• _WORK ITEM_:
All of the data that follows should be retyped exactly, please, except the pictures.
Top of SUPPLIED DATA
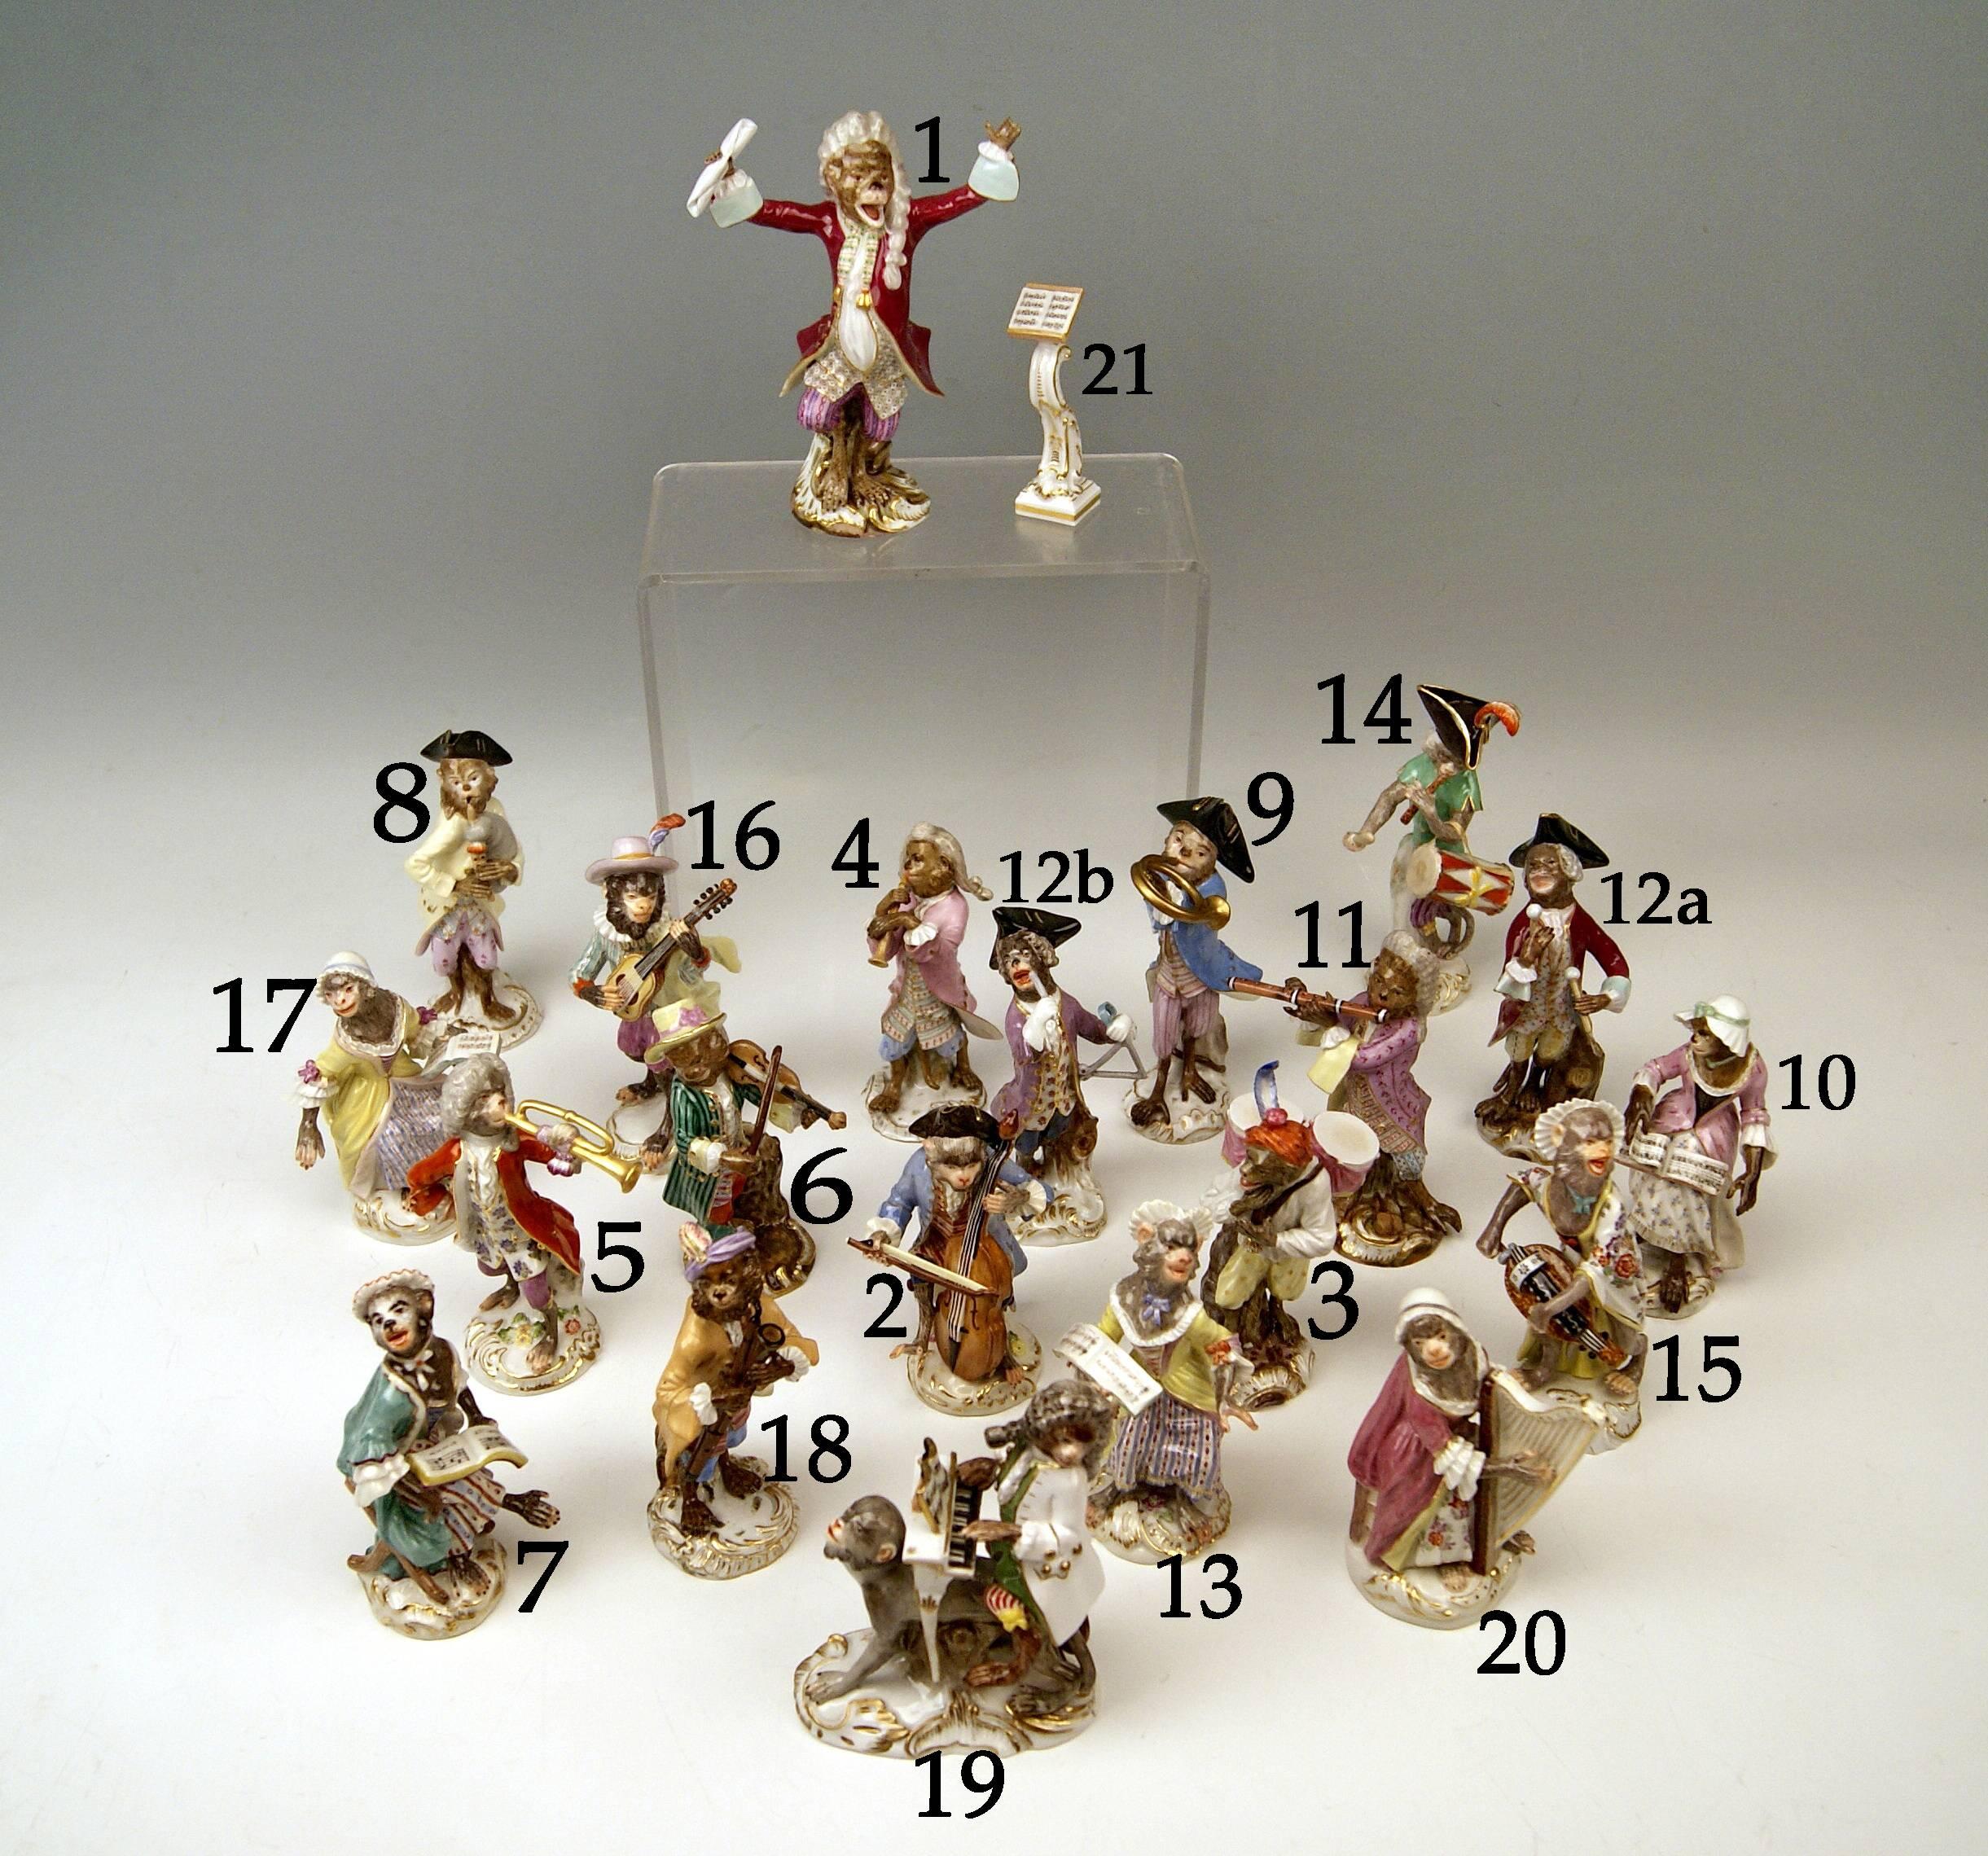 Meissen Gorgeous Group of Figurines 'Monkey Orchestra’ once created by Johann Joachim Kaendler (1706-1775): 21 figurines and conductors stand. 

measures / dimensions: 
average height of figurines: circa 12.5 - 13.0 cm  /  4.72 - 5.11 inches
Bottom of SUPPLIED DATA
• _EXERCISE ANSWER_:
 Meissen Gorgeous Group of Figurines 'Monkey Orchestra’ once created by Johann Joachim Kaendler (1706-1775): 21 figurines and conductors stand. 

measures / dimensions: 
average height of figurines: circa 12.5 - 13.0 cm  /  4.72 - 5.11 inches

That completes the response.